The patient’s weight prior to undergoing liposuction surgery can not only be used to indicate the safe level of fat that can be removed, but also the type of liposuction procedure.  For example, those who are overweight and require large amounts of fat removal perhaps over the course of several liposuction treatments would be better suited to the Mega Liposuction procedure.

Patients who require less fat to be removed on the other hand, but are having trouble shifting the weight in problem areas such as the love handles or abdomen would be better candidates for Vaser Liposuction.  And those who are seeking a more defined, athletic physic can achieve great results from Vaser Hi Definition Liposuction, which can accurately sculpt the body.

The patient’s own individual risks could be considered

From a risk perspective, the results from the recent study promoted the authors to introduce the concept of a “relative liposuction volume threshold” which is based on BMI.  This tool enables surgeons to have a sliding scale to assess complication risk and see where this would increase, but co-author Dr. John Y.S. Kim of Northwestern University, Feinberg School of Medicine, Chicago emphasises this does not provide an absolute limit on the volume of fat removed during a liposuction procedure.

While the researchers suggest that a BMI sliding scale approach may be more suitable for determining the safe levels of fat removal, each patient’s own individual risk factors must be considered.  No cosmetic surgery procedure is risk-free including liposuction.  Considerations such as the length of the surgery, adjunct cosmetic procedures and the patients overall health prior to surgery should all be taken into account when evaluating the liposuction risk.

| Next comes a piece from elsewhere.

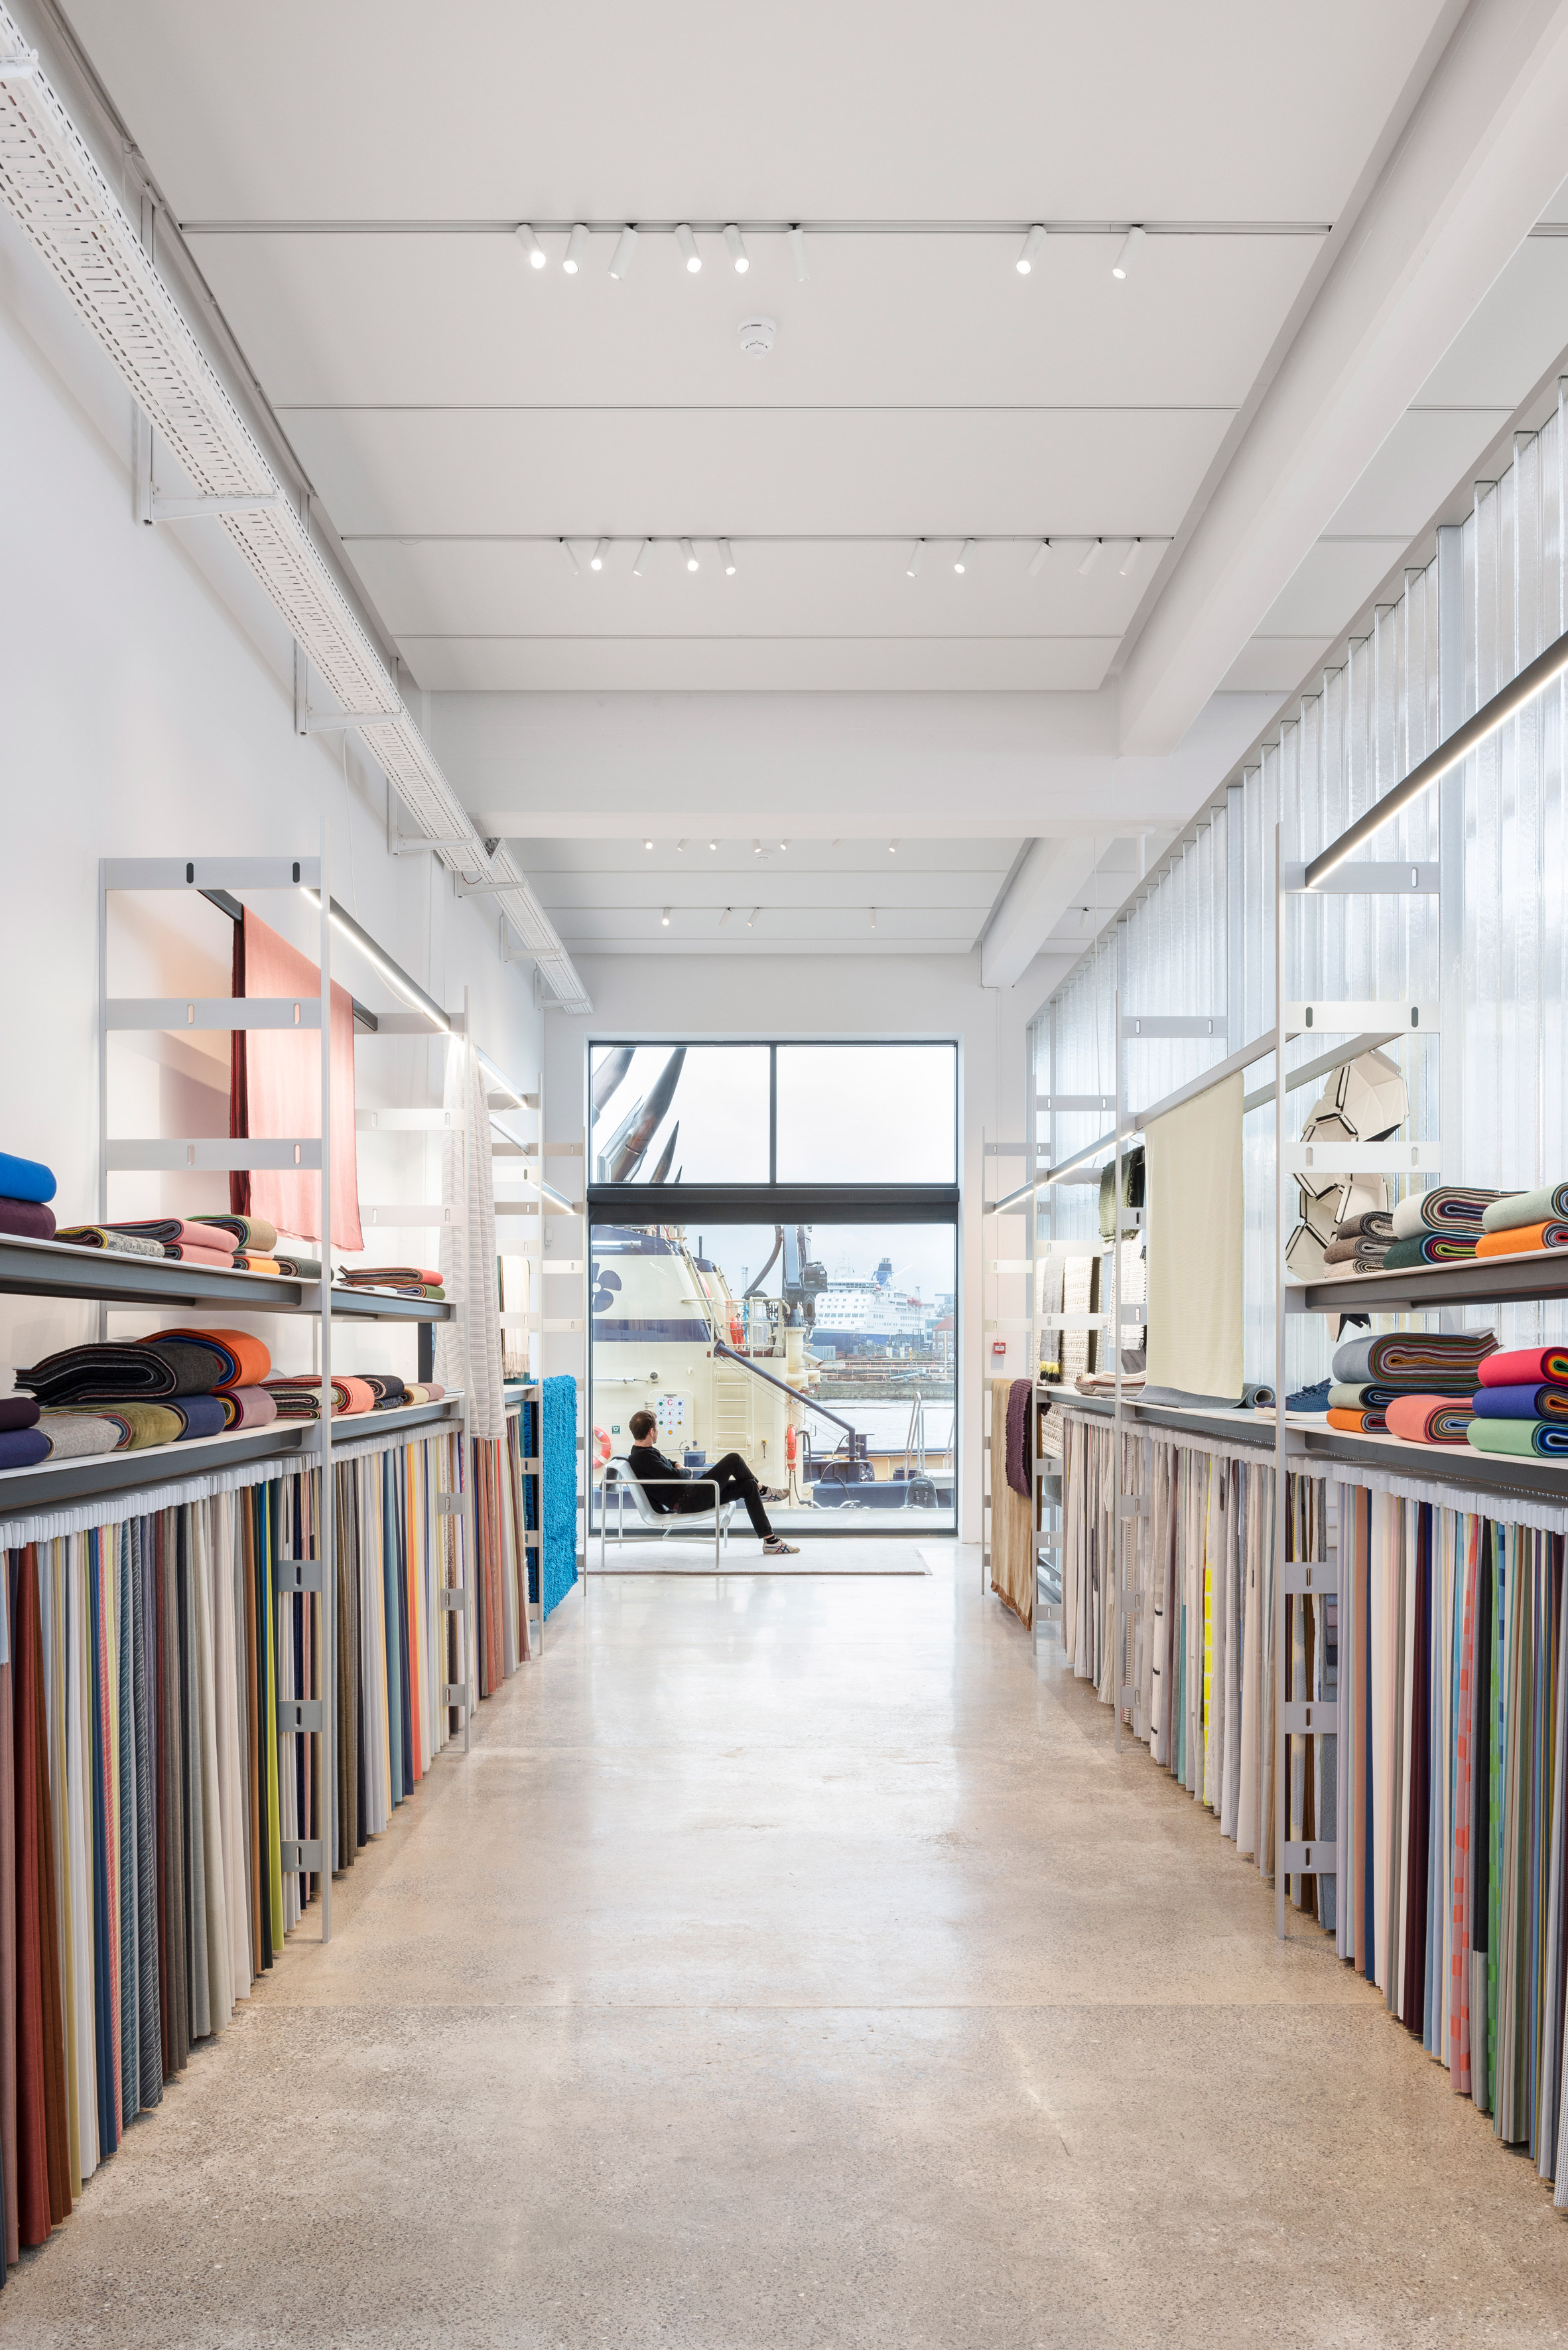 Kvadrat showroom by Bouroullec brothers

Some of the risk associated with excessive amount of fat removal include:

  • Unattractive lumpiness or hallow dimpling of the skin where areas have been “over-suctioned”
  • Increase health risks such as anaesthesia-related reactions, infections and oedema
  • Longer surgical procedures which could increase the likelihood of blood clots forming, seromas, drop in blood pressure and toxicity

Patient may just not benefit from having more fat removed

While the current guidelines state that the fat removed from liposuction patients should not exceed the recommended 5 litres in any one procedure, it is not just because of the risks.  Often we don’t remove more than this amount, as most patients simply don’t benefit from having more fat removed.  Liposuction is a procedure we use to enhance the body shape and remove isolated fat deposits, rather than to serve as a quick weight-loss tool and get rid of large amounts of fat.

Patients with larger deposits of fat and requiring greater amounts removed may be better candidates for procedures such as tummy tuck or thigh lift.  Those who are overweight and want to undergo liposuction may see better results losing some of the additional weight through exercise and diet prior to the treatment.

Over the years, the advancement in liposuction techniques and technology have meant that a larger number of fat cells can be removed with less risk, less blood loss and discomfort as well as reduced recovery periods. The BMI sliding scale developed as a result of the recent study could be used to assist in evaluating the safe amount of fat to remove depending on the individual patient.

“Our risk assessment tool can further aid shared decision-making between the surgeon and patient by linking BMI and liposuction volumes,” adds Dr. Kim.